100th Anniversary of “Greenhouse Effect”
In 1917– exactly 100 years ago — the man best remembered for inventing the telephone used the term “greenhouse effect” to describe the phenomenon that burning fossil fuels would warm Earth’s atmosphere. Alexander Graham Bell stands as one of the greatest scientists and inventors of all time, with discoveries ranging from aviation to marine hydrofoils, to renewable energy…a veritable genius. (“Alexander Graham Bell”, a biography by Edwin S. Grosvenor and Morgan Wesson.)
His prolific writing shows that in 1914 he began to look at changes to atmosphere and temperature, initially looking at the effect of volcanoes and first used the phrase “greenhouse effect.” Then In a paper in 1917, about the depletion of natural resources, he stated that the unchecked burning of fossil fuels would lead to a “sort of greenhouse effect” and global warming. (Quoted from the Dictionary of Canadian Biography. It should be noted that there were other references to the phenomenon in other languages and some in English perhaps even a few years earlier. For a more detailed review of the etymology click here.)
The effect of trapping heat and warming the atmosphere, combined with the finite aspect of fossil fuel, is why Bell came to clearly advocate for renewable energy. What is remarkable is that one hundred years later, some 31% of the American public still disputes that burning fossil fuels is substantially warming the planet. (Gallup Poll 2016)
Although Bell was one of the first to use the concept of glass in a greenhouse creating warmer temperature as a way to describe the effect of increased carbon dioxide, he was not the first to identify the physics of that gas in terms of warming.
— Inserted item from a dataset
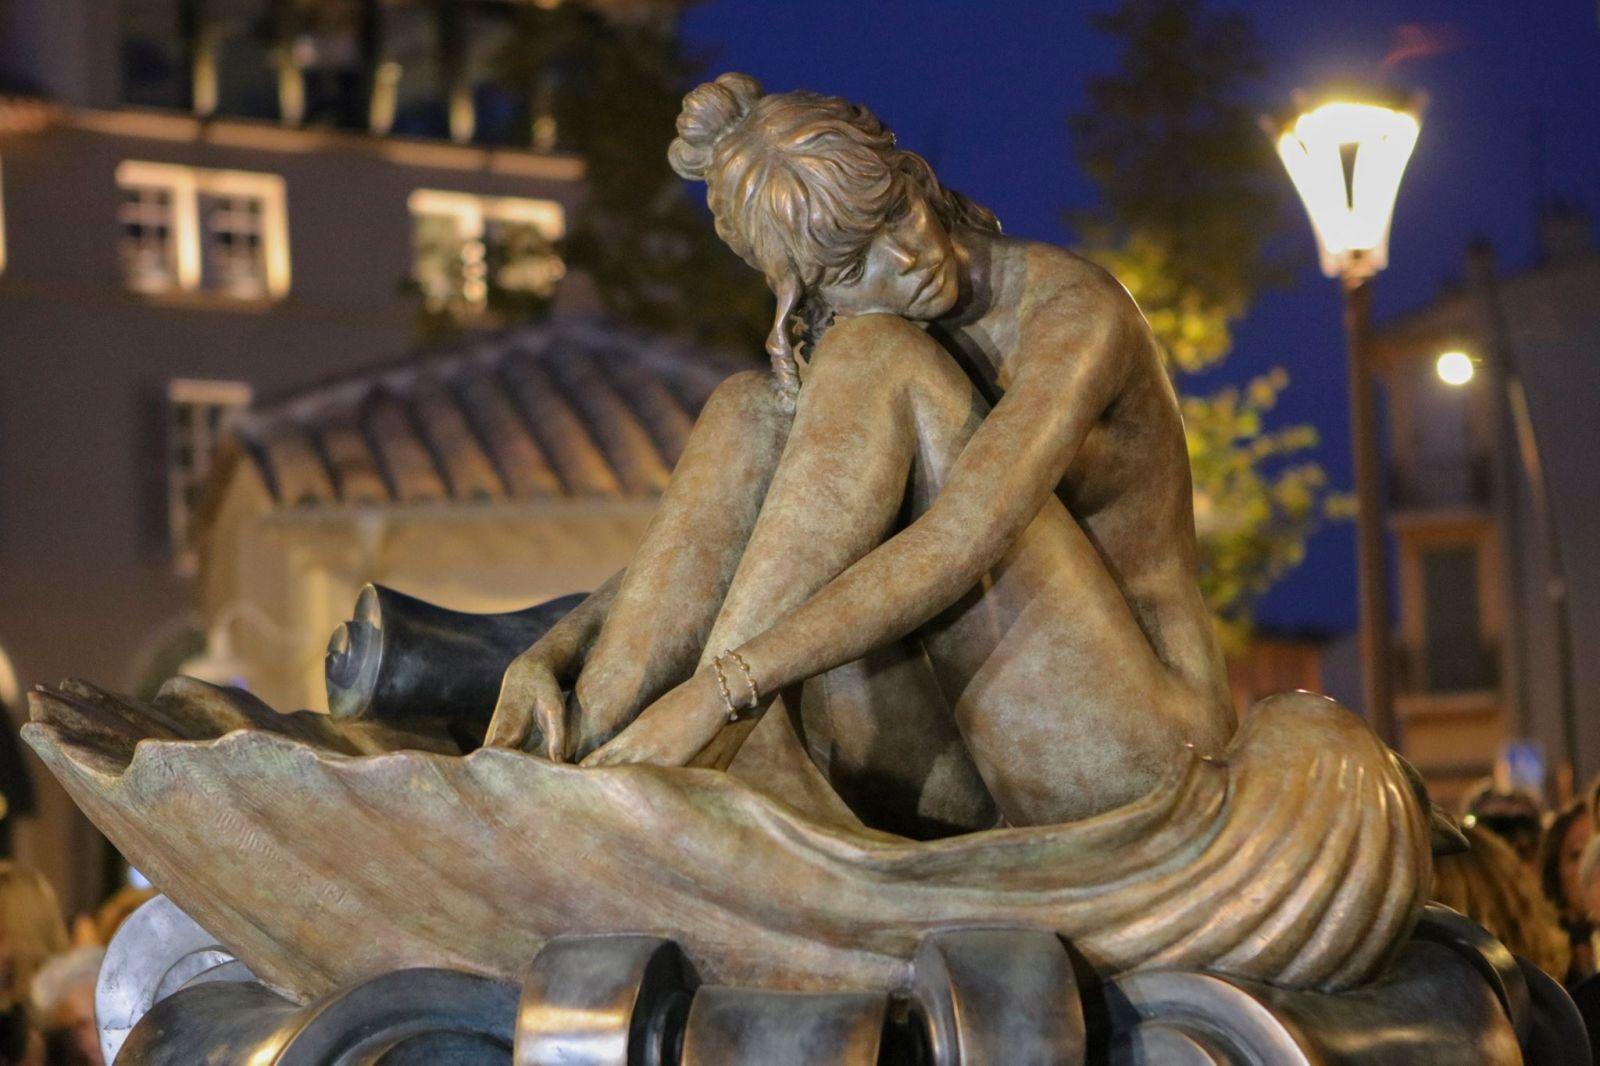 Anlässlich des 83. Geburtstags von Brigitte Bardot wurde ihr eine Statue errichtet. Foto: supervision.fr

That credit goes to John Tyndall in 1859, and then Svante Arrhenius in 1896, who actually calculated the amount of warming that would occur as we raised the level of CO2 in the atmosphere.
As shown in the graphic below (from my book “High Tide On Main Street“) the correlation of carbon dioxide, global average temperature, and sea level should be a sobering, screaming, urgent warning to heed Bell’s concern – brilliantly articulated a full century ago. (For a description of this chart and a link to download it in US and Metric click HERE.)
Today we have such a fantastic array of communication, likely far beyond what Bell could have envisioned. We can share knowledge and concerns instantly. Yet, one question hangs in the air: How long will it take us to grasp his wisdom and heed his advice about the greenhouse effect?